Return the following from the records below: each line, word for word, starting with the line that contains "Free Ramadan Wishes" and going on through the line that contains "Most individual income", with nothing outside that range.

▶ _Data listing_:
============
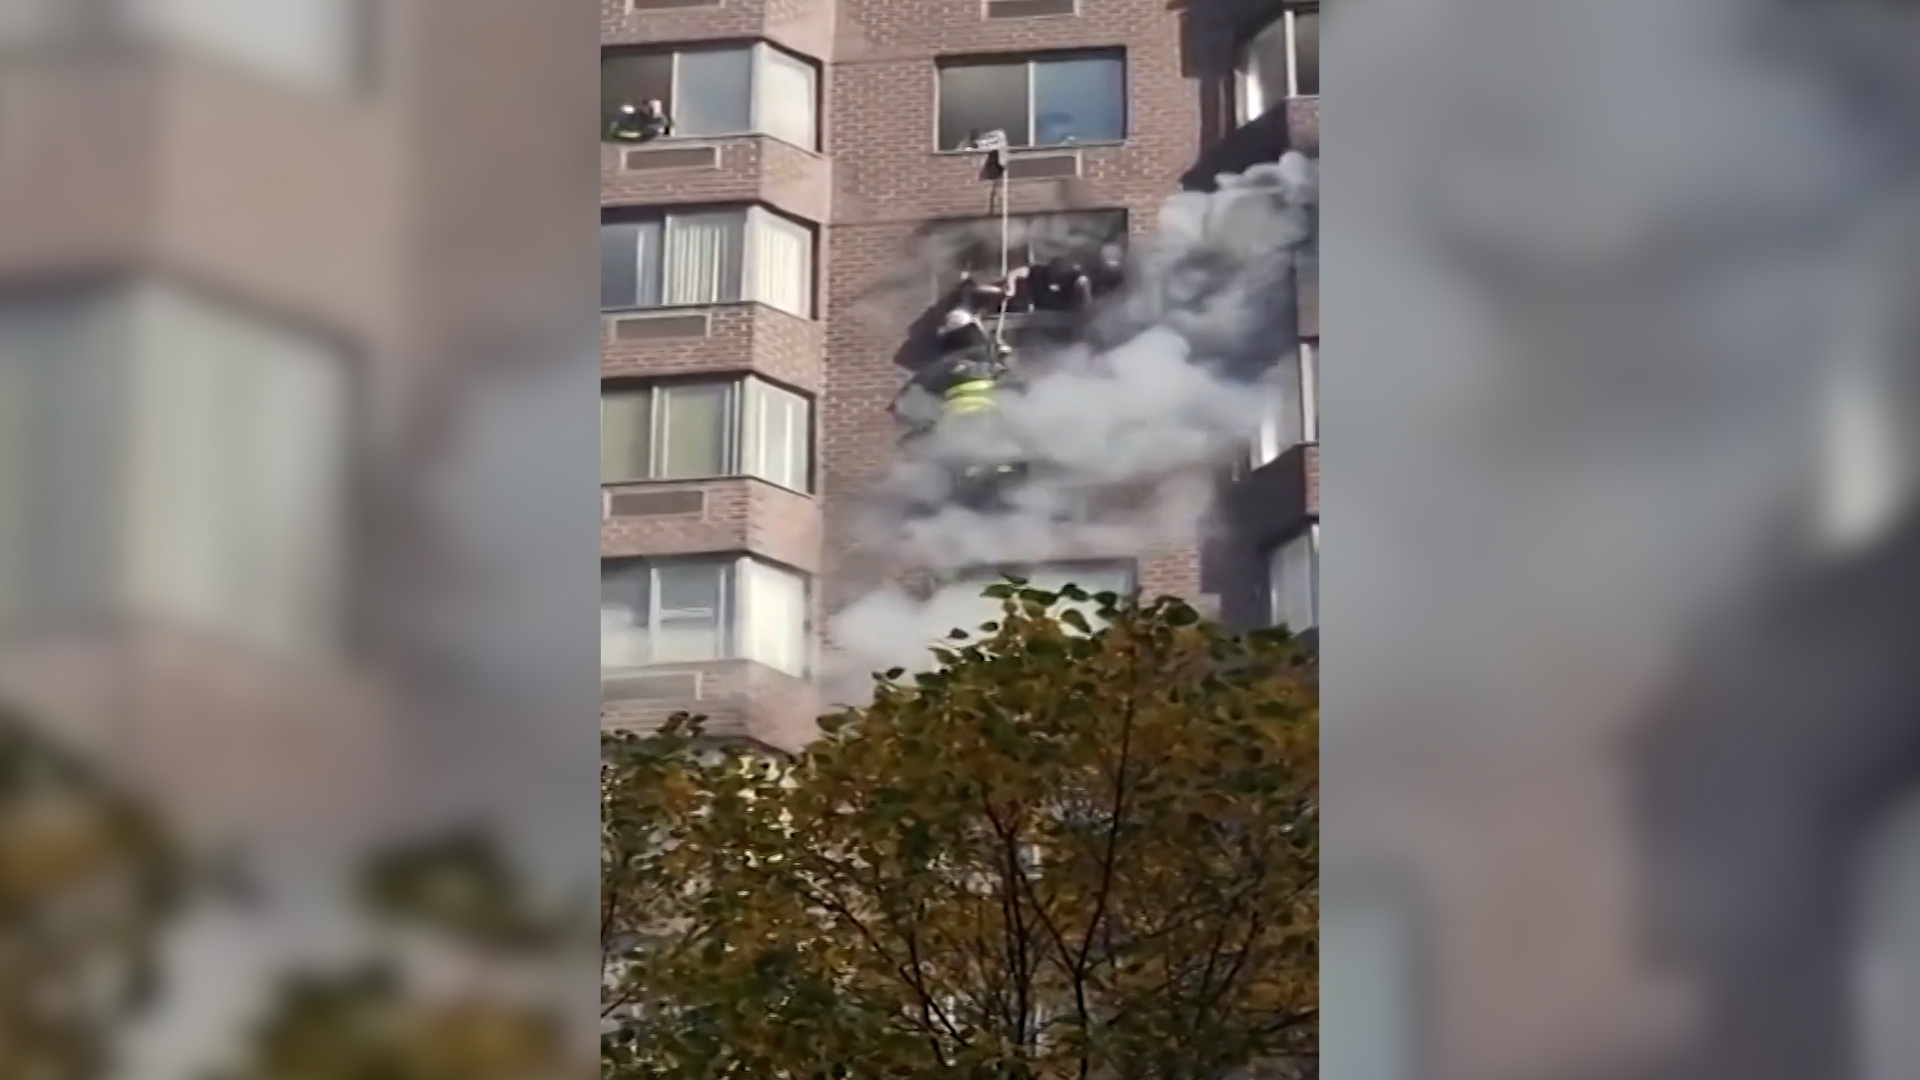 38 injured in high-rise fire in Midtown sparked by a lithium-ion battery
============
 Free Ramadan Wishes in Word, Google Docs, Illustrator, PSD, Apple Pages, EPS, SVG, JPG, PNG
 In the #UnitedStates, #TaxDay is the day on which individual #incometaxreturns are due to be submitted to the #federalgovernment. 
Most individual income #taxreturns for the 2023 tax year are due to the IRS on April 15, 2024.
============
▶ _Solution for this problem_:
 Free Ramadan Wishes in Word, Google Docs, Illustrator, PSD, Apple Pages, EPS, SVG, JPG, PNG
 In the #UnitedStates, #TaxDay is the day on which individual #incometaxreturns are due to be submitted to the #federalgovernment. 
Most individual income #taxreturns for the 2023 tax year are due to the IRS on April 15, 2024.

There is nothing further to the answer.